# Ed's Applewein Using Black Label Apple & Lime Juice



## brewlikeanex (16/8/12)

Hi first post here
Put down 2x 23L batches of Ed's Apfelwein 14th August
Yeast: craftbrewer dry cider as 1L starter
Primary 1: OG 1062 2 Kg Honey & Aldi juice to 23L
Primary 2: OG 1082 2kg Dextrose & Original Juice Co "Apple + Lime" juice from refrigerated section, kept in environmental temp 2 days prior to "must" prep.

Had first look today, day 3, and honey batch has large bubbles on surface and small bubbles all over the walls and over the honey at the bottom.
Although Dextrose batch has no bubbles on surface, and dextrose crystals on bottom.

The fermentables had been vigorously shaken into solution in the bottles at the environmental temperature of 12 degrees, and the thermostrips are still showing 12.
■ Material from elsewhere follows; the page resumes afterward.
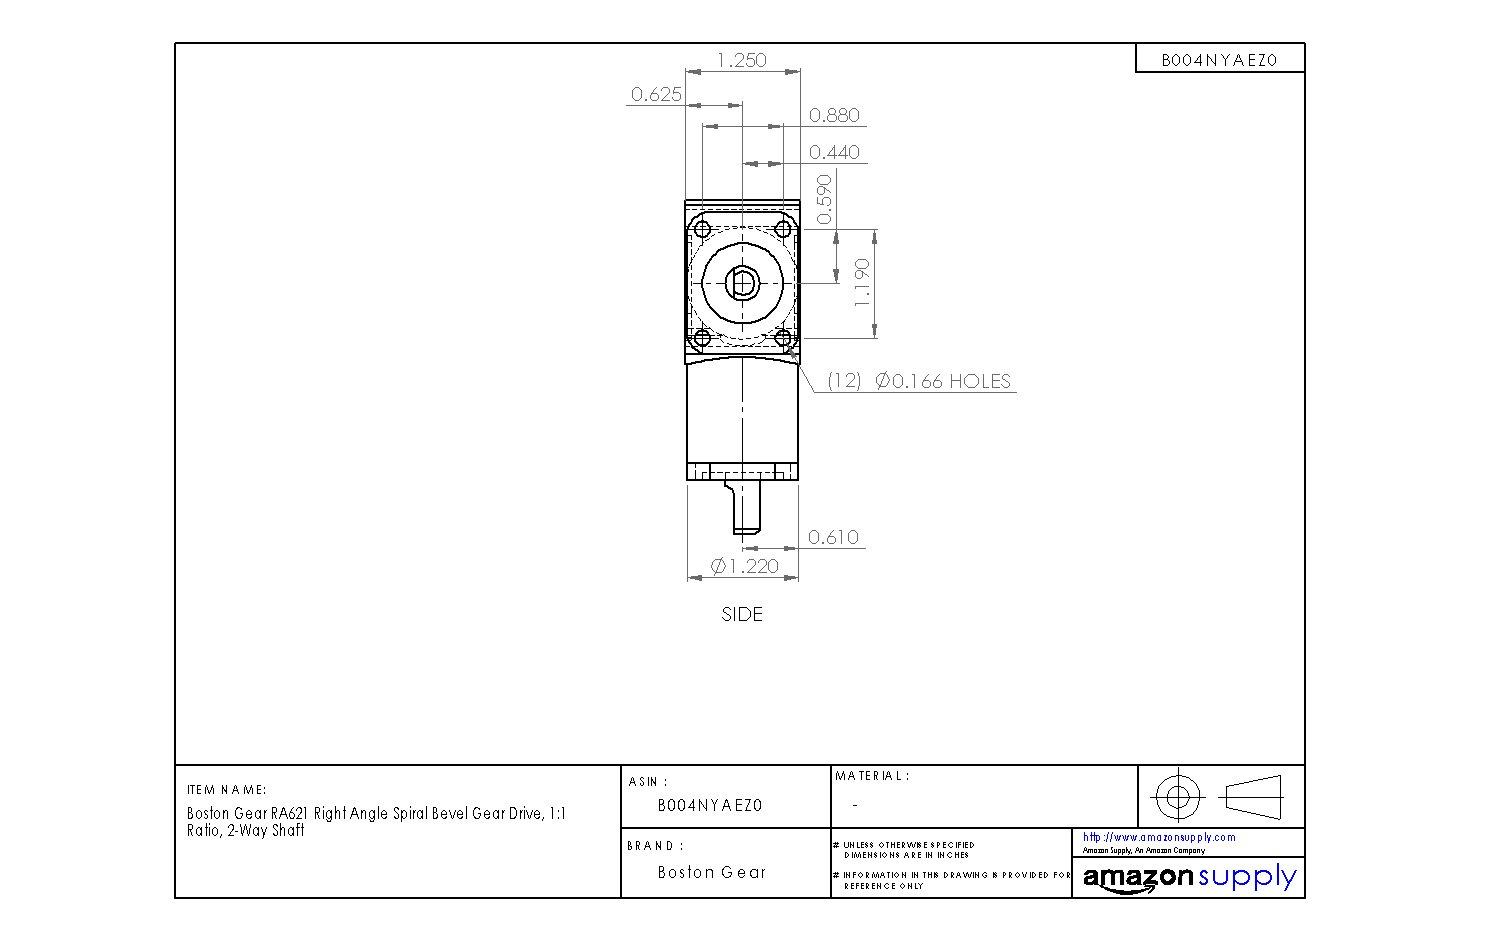 1:1 Ratio Boston Gear RA621 Right Angle Spiral Bevel Gear Drive 2-Way Shaft
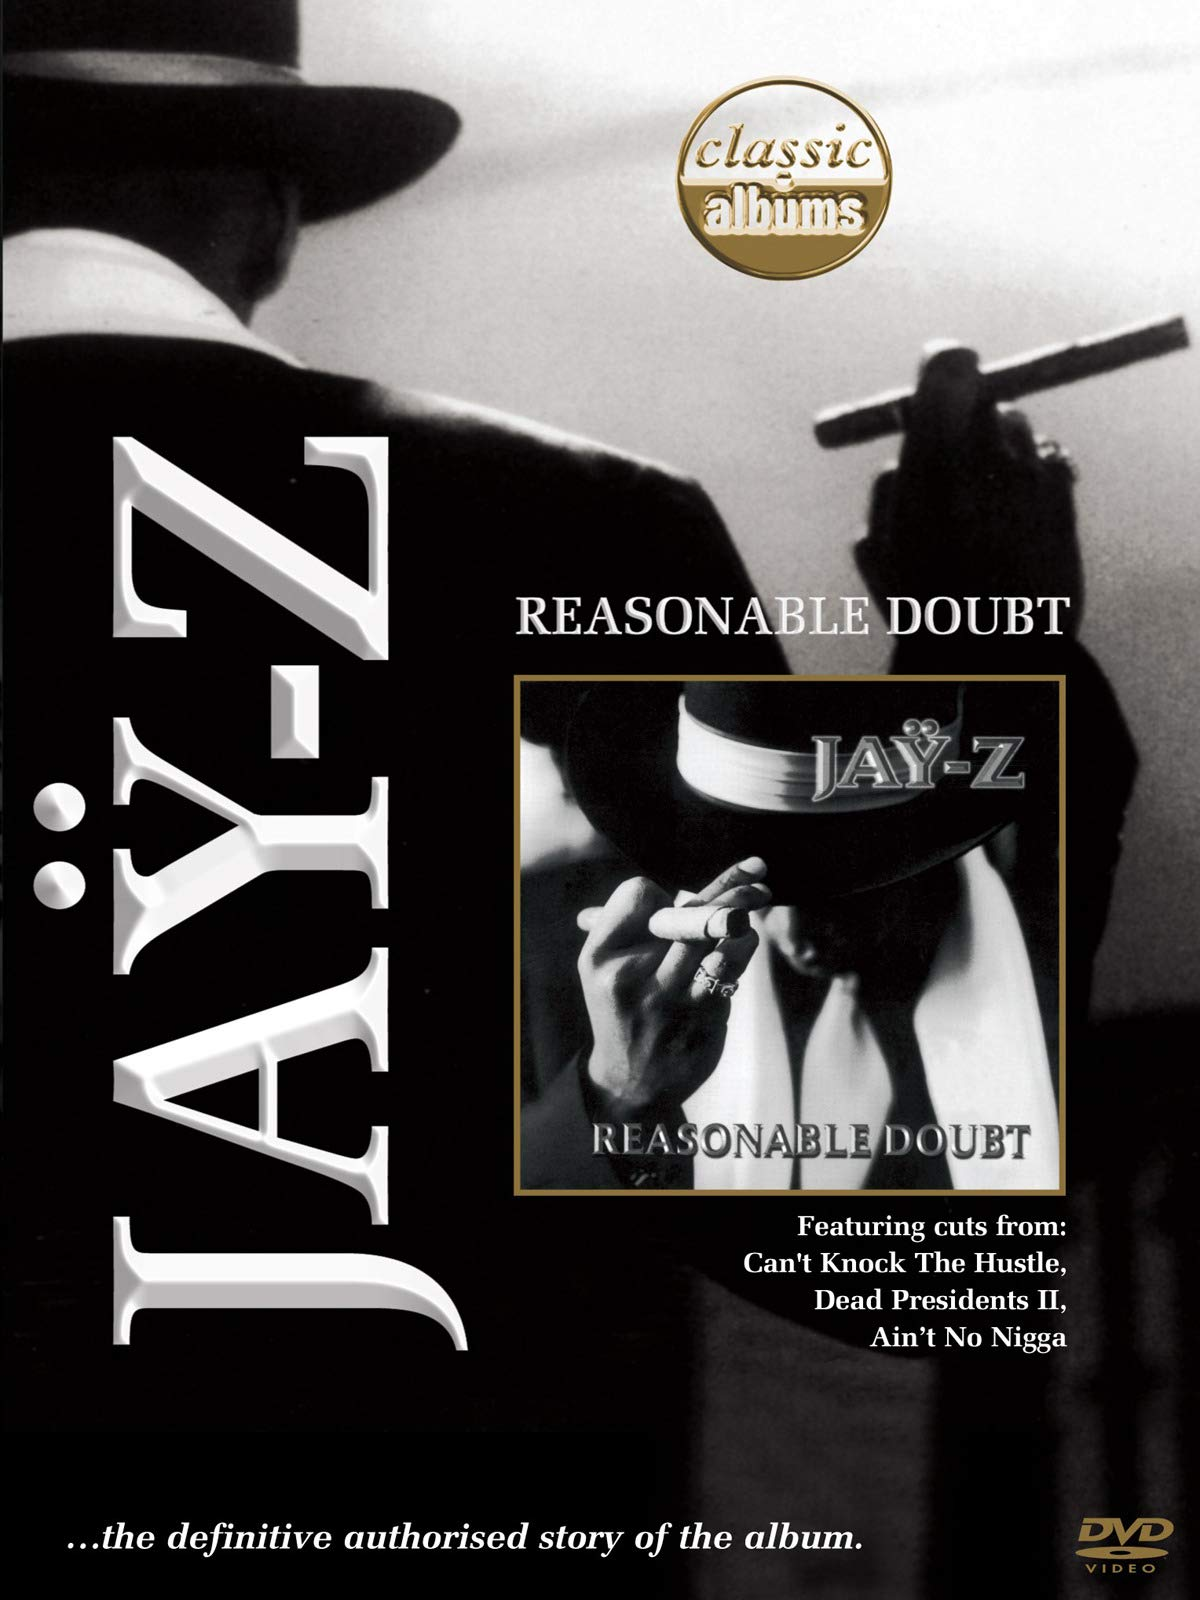 Jay-Z - Reasonable Doubt (Classic Album) on Amazon Prime Instant Video UK

It's early days in a 4 week intended primary, but I'm wondering:

1) Is Primary 2 too acidic, and can I add anything? I've never used adjuncts or pH balancers.

Intending to blend these primaries and rack onto 500g (boiled, cooled) Frozen berries for a rekorderlig berry & lime type thing to age as well. 
I know it won't be sweet or bubbly.

2) Could adding the berries to Primary 2 instead of secondary be helpful to getting it going?

Cheers R


----------



## kcurnow (16/8/12)

one thing to check is the ingredients listed on the juice containers. If the Original juice co one has any preservatives (E220 etc) in it, then this will generally kill the yeast as many preservatives are anti-microbial.


----------